Pakistan’s Supreme Court Tuesday ordered the arrest of Prime Minister Raja Pervez Ashraf on charges related to corruption, potentially forcing the country further down the path of political instability.
The Supreme Court said the charges stem from a hearing on a rental power plant case that Ashraf and 15 other individuals attended and they should be arrested, reported Pakistan’s Geo News. The case relates to the purchase of contracts of rental plants by the government while Ashraf was the water and power minister.
“The chief justice ordered that all concerned, regardless of their rank, who have been booked in the case be arrested, and if someone leaves the country, then chairman of NAB [National Accountability Bureau, an anti-corruption watchdog] will be held responsible along with his investigating team,” Bureau lawyer Aamir Abbas told Al-Jazeera.
Specifically, Ashraf is accused of receiving illegal kickbacks and commission in relation to the rental power plants project while he was the water and power minister.
Sources told Geo that the prime minister was summoned to a meeting that included his close ministers, to figure out what to do next. He is currently waiting for the full Supreme Court report and will then ask President Asif Ali Zardari what his next moves are.
The court decision comes as tens of thousands of protesters demonstrated in Islamabad, the capital, calling for an end to the current government. The demonstrators, led by Muslim leader Tahir-ul-Qadri, welcomed the Supreme Court’s decision.

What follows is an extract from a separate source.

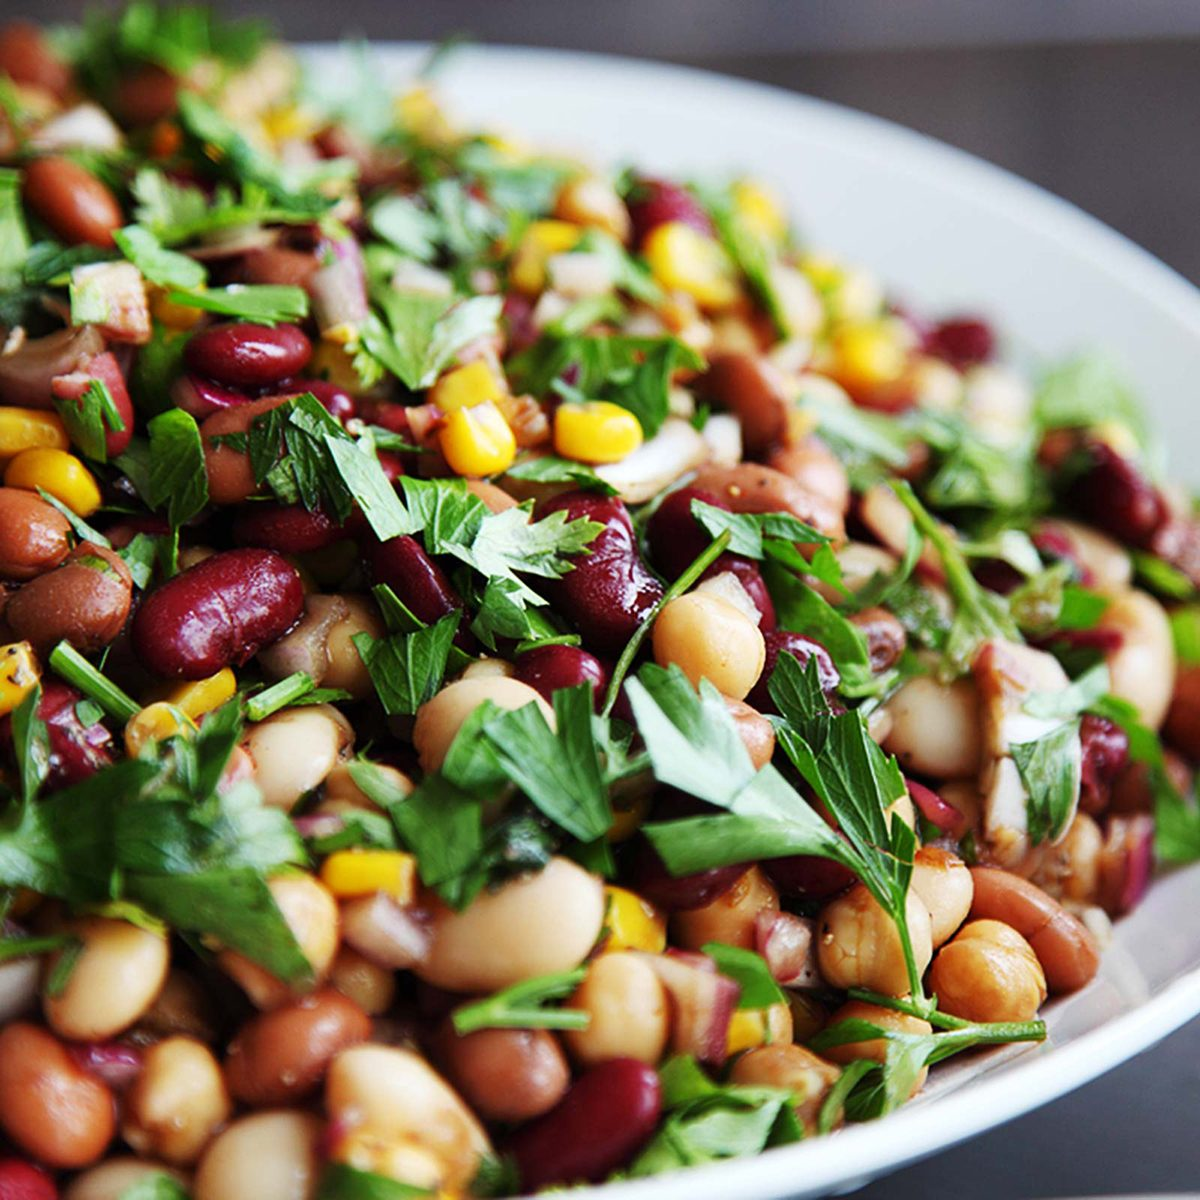 Chipotle bean dish

“This president and prime minister … are now ex-presidents and prime ministers. Their time is over. Dissolve the national and provincial assemblies by the morning,” Qadri said Tuesday, according to the DAWN newspaper. The paper pointed out that many believe Qadri is backed by the powerful military establishment.

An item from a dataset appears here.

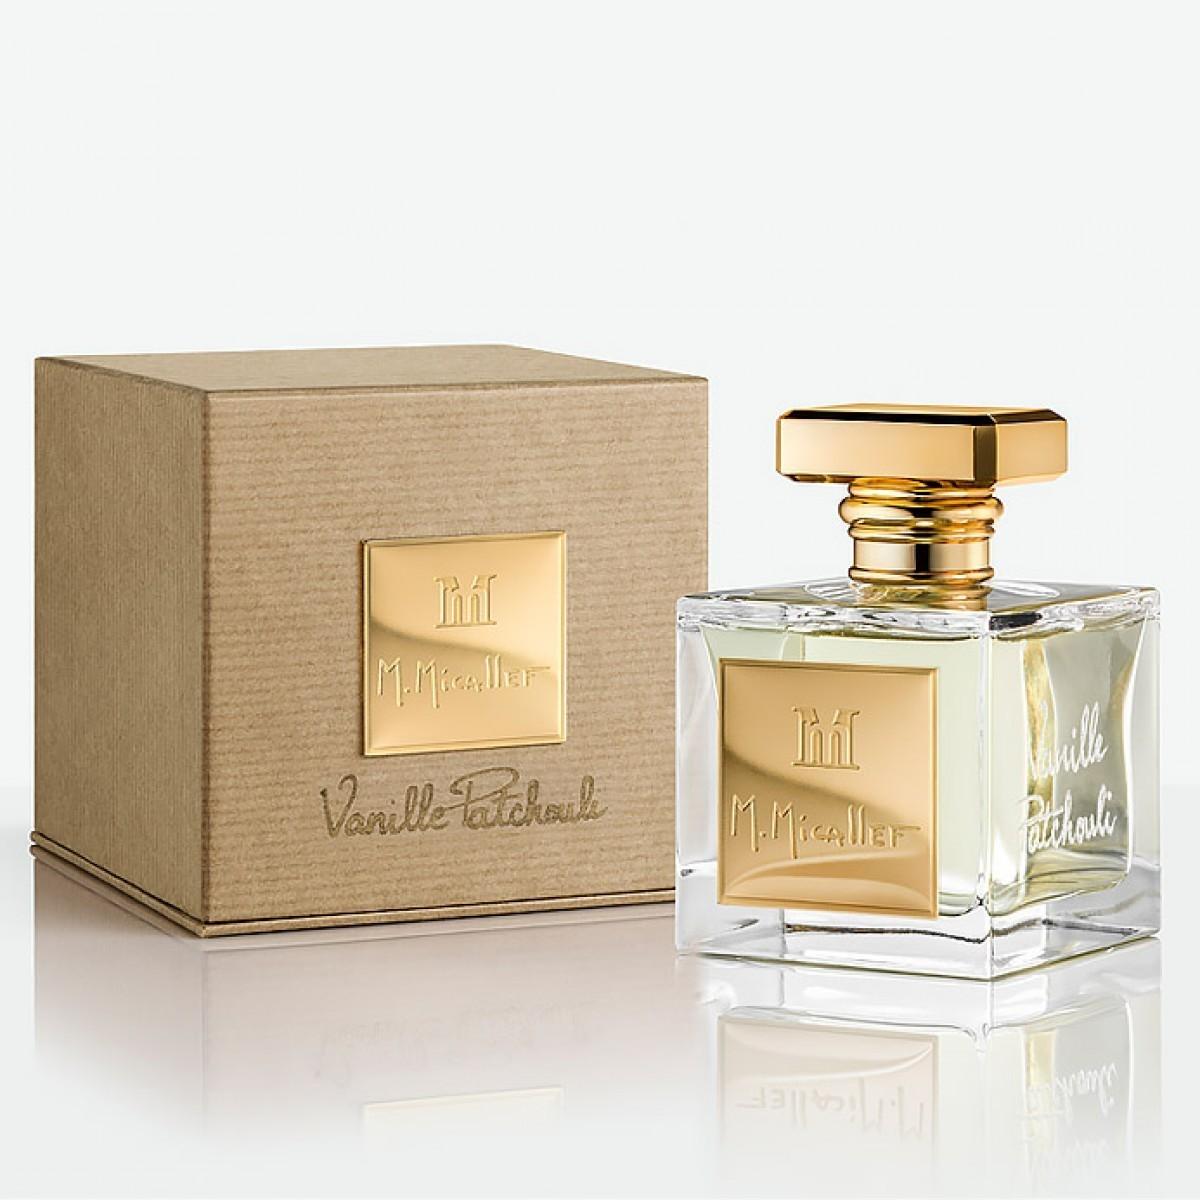 M. Micallef Vanille Patchouli аромат для мужчин и женщин

“These millions of supporters have spoken. They have rejected your so-called mandate. You are no longer their representatives,” Qadri continued.
Fawad Chaudhry, an aide to Ashraf, believes there was “no doubt” the arrest warrant handed down for his boss was conjured up by the military to topple the government, according to Reuters.
“The military can intervene at this moment as the Supreme Court has opened a way for it,” he said.
However, the ruling Pakistan People’s Party, or PPP, has a ruling majority in Parliament and can easily elect another prime minister to replace Ashraf, who himself replaced former Prime Minister Yusuf Raza Gilani in 2012.
The military and the PPP have clashed politically for years, with each side feeling a deep mistrust toward the other. The military believes the PPP to be ineffective in tackling the country’s problems, including maintaining basic security, according to Reuters.
Police have conducted raids on four former government secretaries in relation to the rental power projects case, Geo News reported.